Não deixamos de VIVER, de ver as coisas para vê-las através da tela do celular?
Já no presente?
“The Entire History of You”, em primeiro instância, nos faz pensar nisso: no quanto nos tornamos DEPENDENTES dessas tecnologias. “Ah, mas isso não existe de verdade”, você me diria, mas os seus predecessores sim, e as pessoas estão IGUALMENTE dependentes. Real, atual e preocupante. Acredito que isso nos maquiniza, coloca em cheque a nossa subjetividade e própria HUMANIDADE. Talvez não saibamos mais como “ser humanos”, a não ser atados a uma máquina, a uma tecnologia qualquer. É como quando uma das personagens fala da “ineficácia” das memórias orgânicas, como são frágeis, não confiáveis e até manipuláveis… mas talvez elas sejam assim POR UM MOTIVO! Talvez, por nossa própria sanidade mental, precisemos que elas sejam assim, precisamos do esquecimento… o quão atados e incapacitados de “seguir adiante” aqueles personagens estão?

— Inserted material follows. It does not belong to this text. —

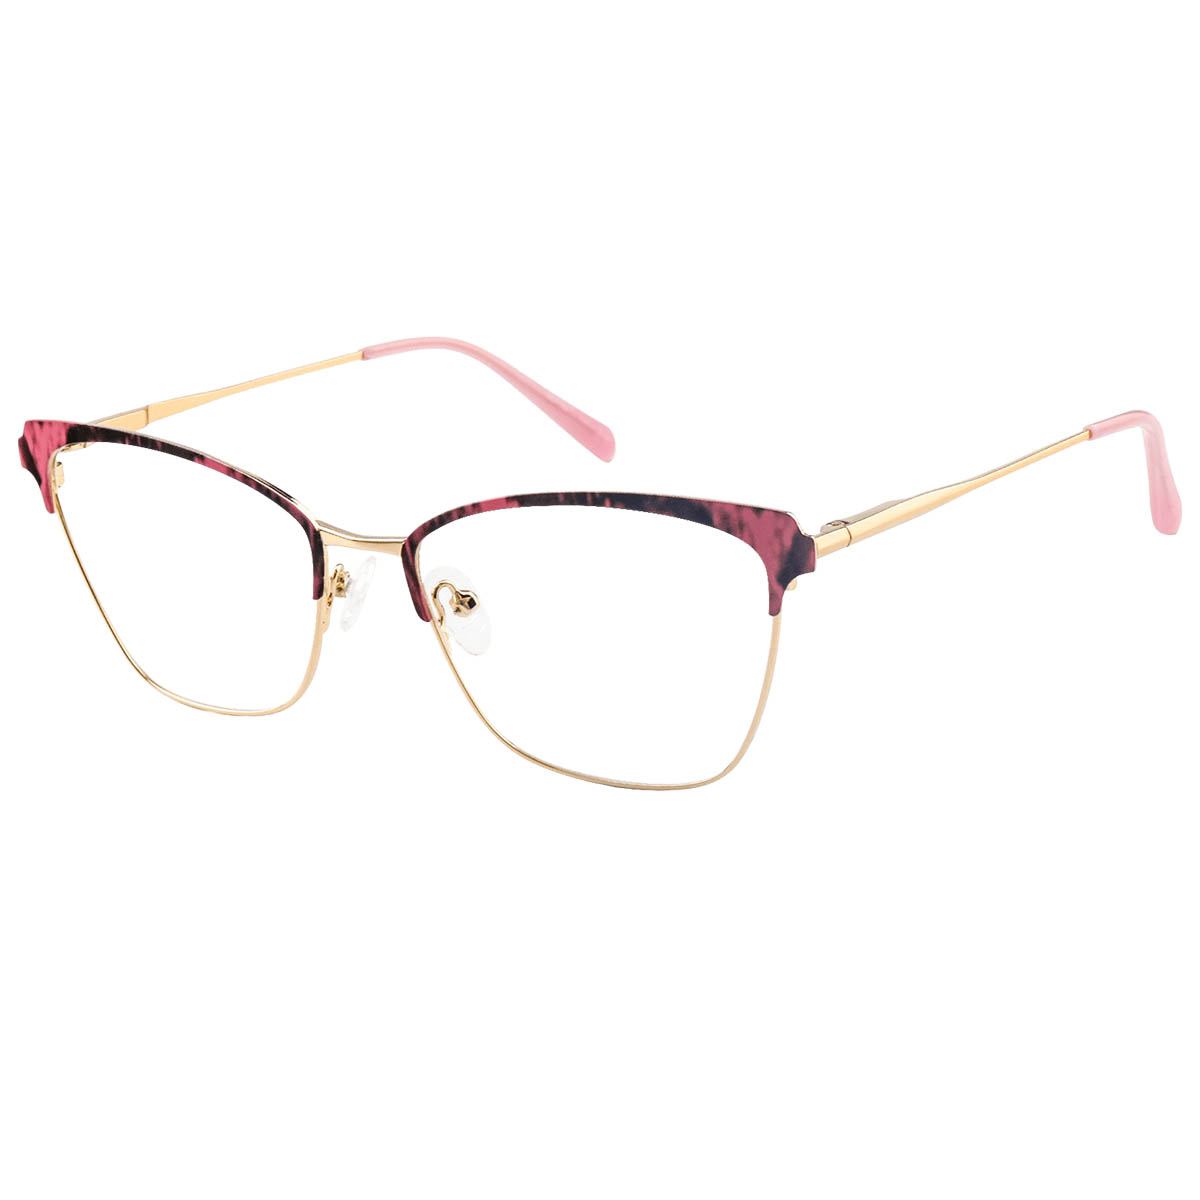 Cathleen - Square Pink Reading Glasses for Women

Nesse terceiro episódio de “Black Mirror”, temos o EXEMPLO (e é apenas um exemplo de uma discussão muito mais ampla concentrada em quase 50 minutos de episódio) dos ciúmes e de uma traição. Liam Foxwell (interpretado por Toby Kebbell), depois de uma entrevista bastante insegura, está em um jantar com “amigos”, em que nota que sua esposa, Ffion (interpretada pela agora Doctor, Jodie Whittaker), está próxima demais de Jonas. Os ciúmes se manifestam de forma diferente nessa época, assim como TUDO O MAIS. A discussão é séria, e esse implante de memória torna tudo muito mais doentio… aumenta a pressão, o controle sobre o outro, a obsessão. Quando Fi assume que namorou Jonas por um mês, e Liam diz que ela tinha dito que fora “uma semana”, ela não pode mentir… porque ele tem a prova do que ela disse, eternamente registrada.
E isso é doentio.
Acredito que as pessoas ficam DOENTES nessa realidade, e isso é representado no próprio personagem de Liam. Ele DEIXA DE VIVER porque está obcecado por tudo o que passou a acreditar agora. Independente dos ciúmes, o episódio ainda é eficaz na construção estética do mundo, e ao evidenciar como esse “Banco de Memórias” denigre as próprias relações humanas, quando Fi e Liam transam, mas estão com os olhos vidrados em memórias antigas, de uma boa noite de sexo, para alimentar um sexo morno e sem graça do presente. As coisas se tornam impessoais, as memórias se tornam objetos, e tudo destrói o ser humano. E, novamente ressalto: estamos próximos demais disso. Com tecnologias similares, a doença e a obsessão imperam… muita gente agiria exatamente como Liam com o Banco de Memórias. Ele vê e revê memórias, lê coisas nos mínimos detalhes, se torna DOENTIO.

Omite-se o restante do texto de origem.